■ **Available data**:
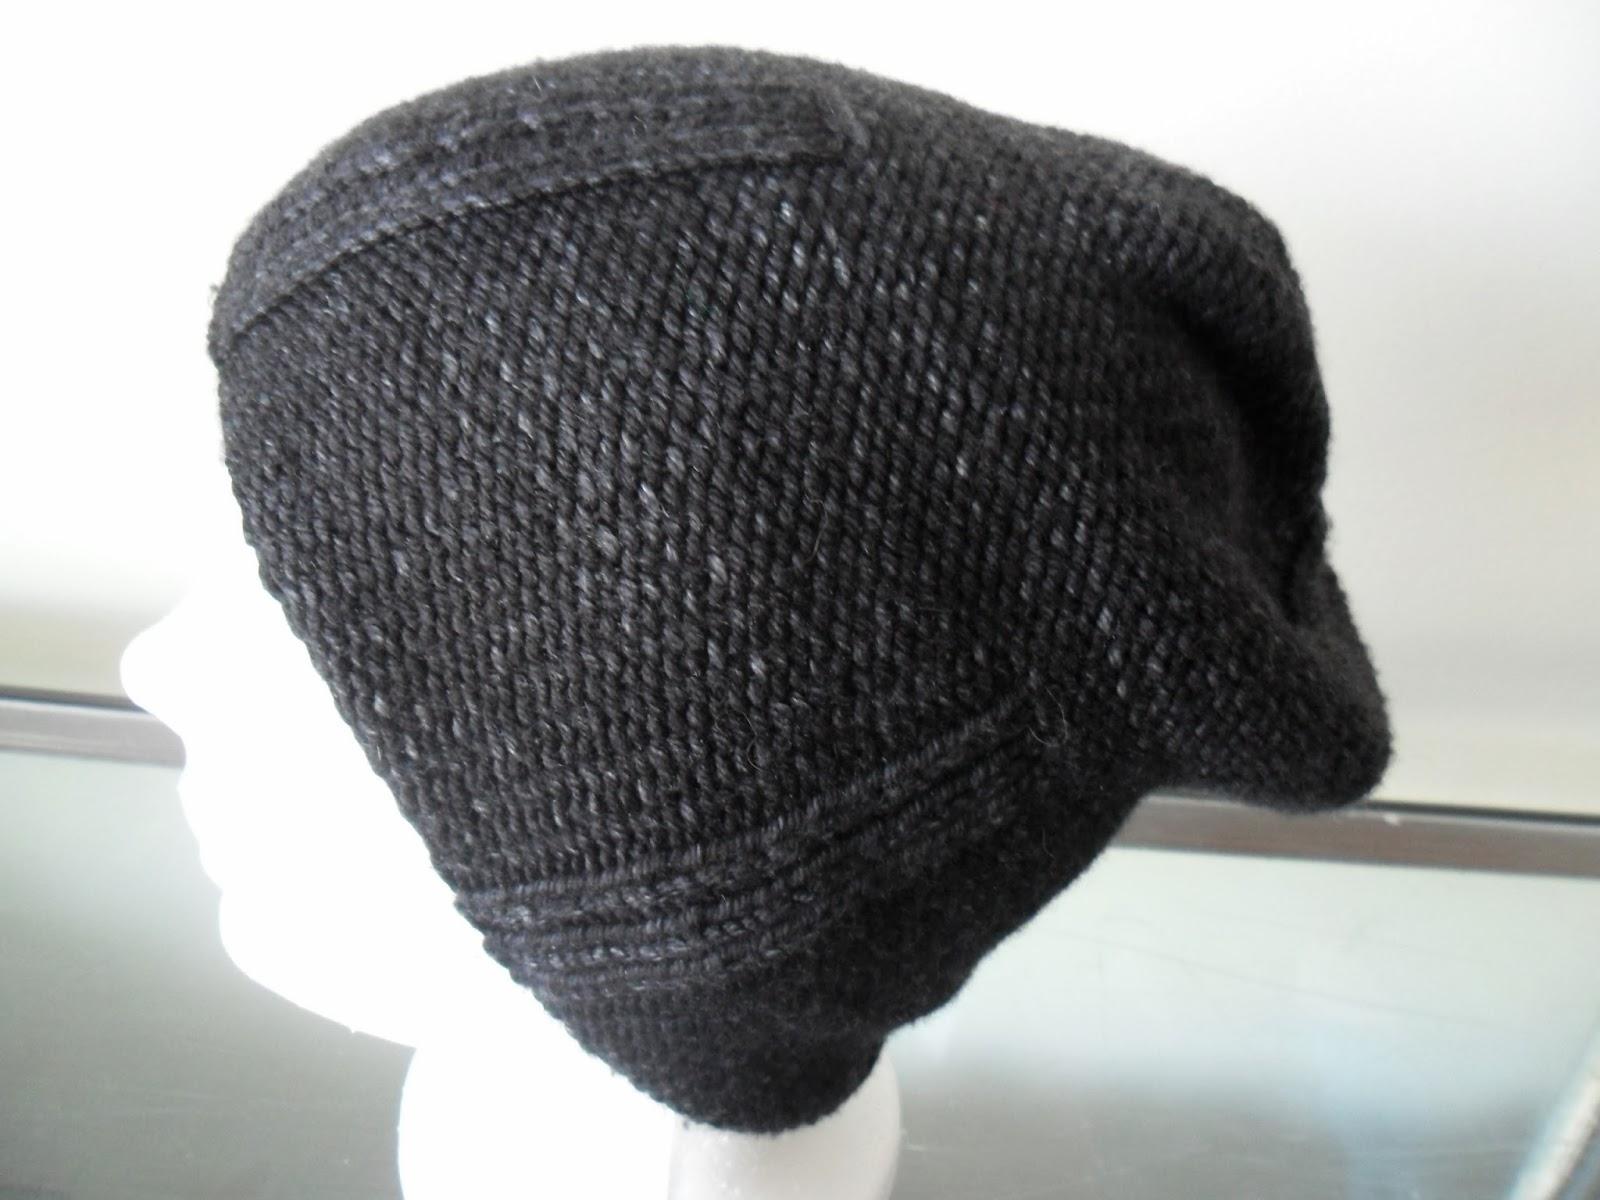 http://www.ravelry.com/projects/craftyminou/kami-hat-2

==

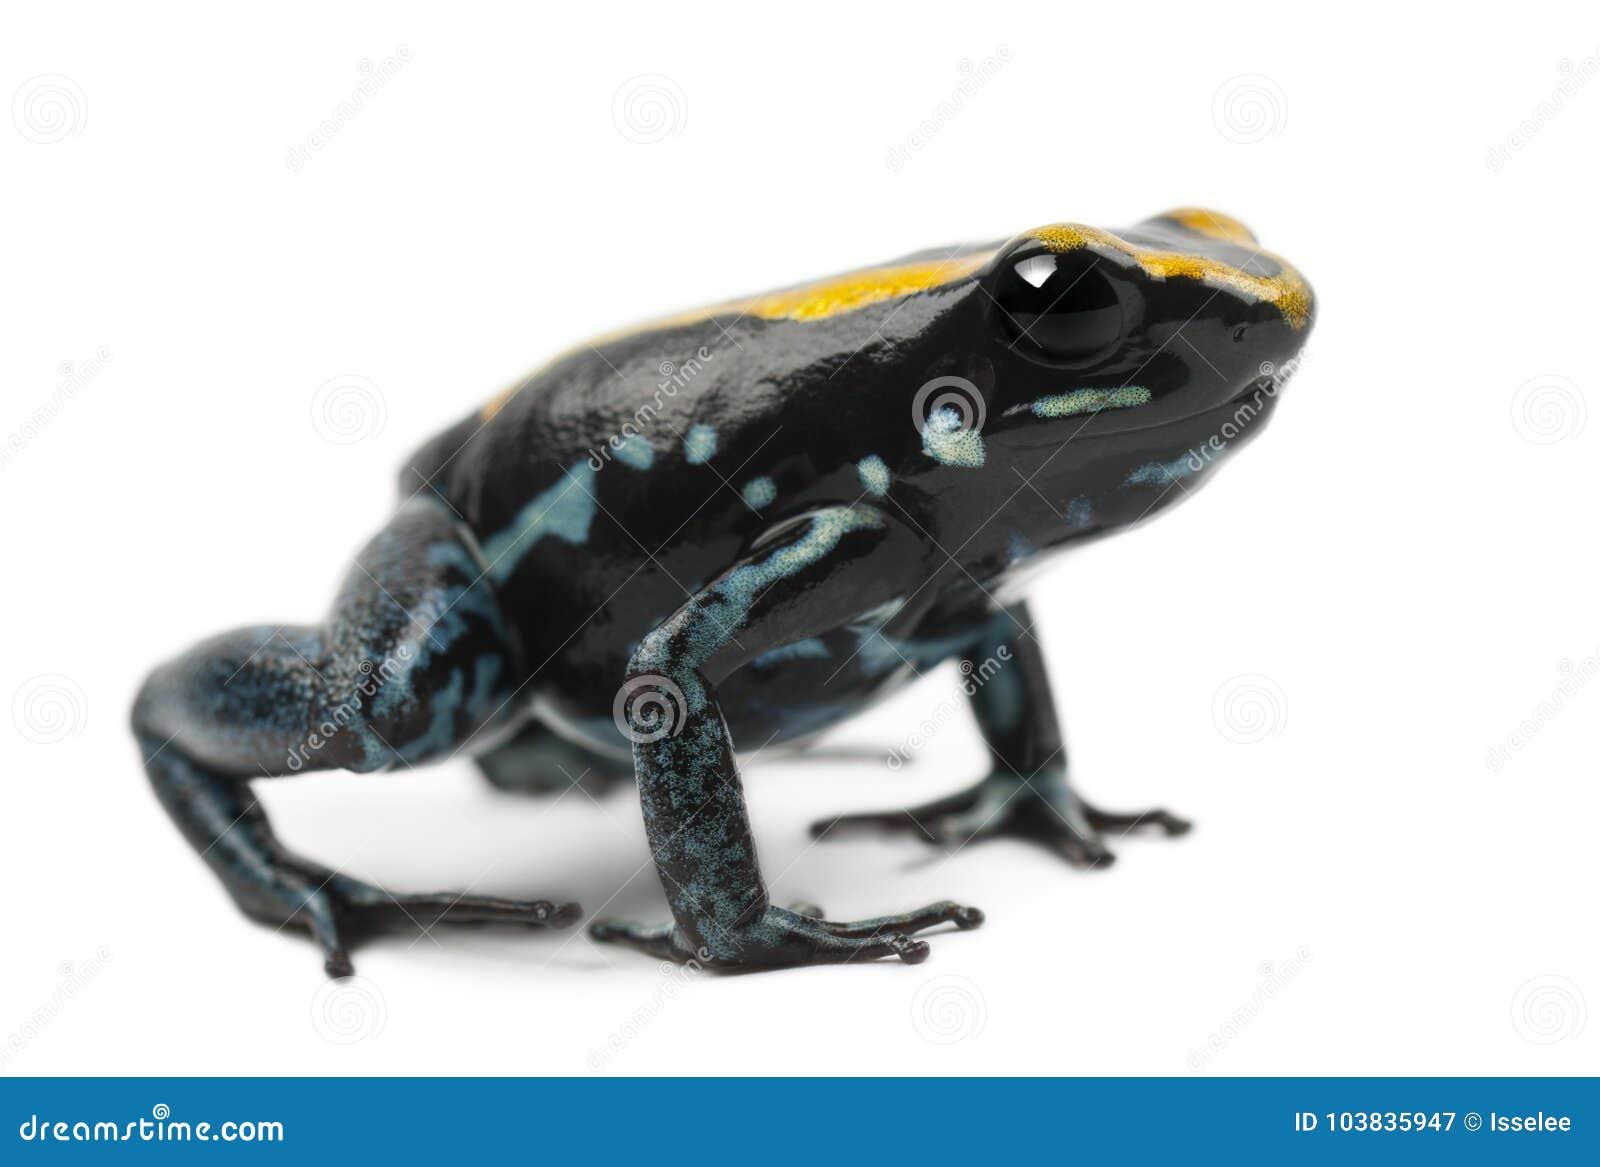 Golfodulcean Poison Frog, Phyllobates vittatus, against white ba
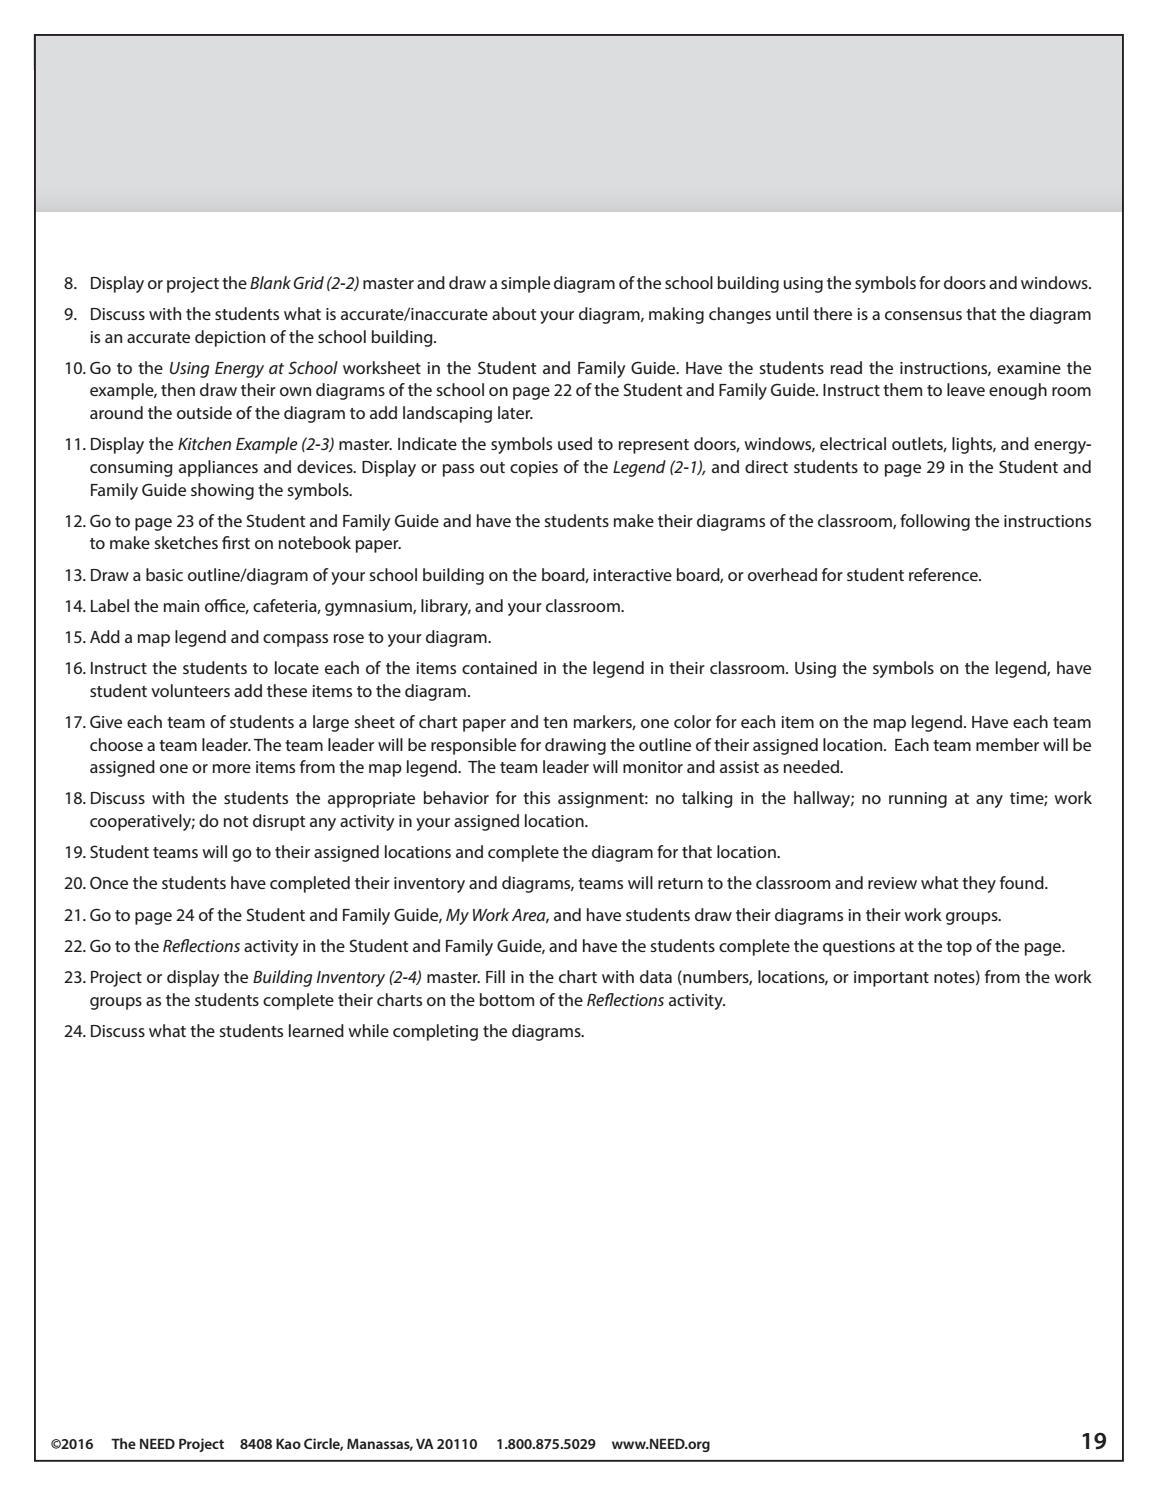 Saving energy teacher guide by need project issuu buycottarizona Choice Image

■ **What you need to do**: In the data above, take the line with "Golfodulcean Poison Frog, Phyllobates", the line with "Saving energy teacher", and every line between, and set them down exactly without pictures.

■ **Task response**:
 Golfodulcean Poison Frog, Phyllobates vittatus, against white ba
 Saving energy teacher guide by need project issuu buycottarizona Choice Image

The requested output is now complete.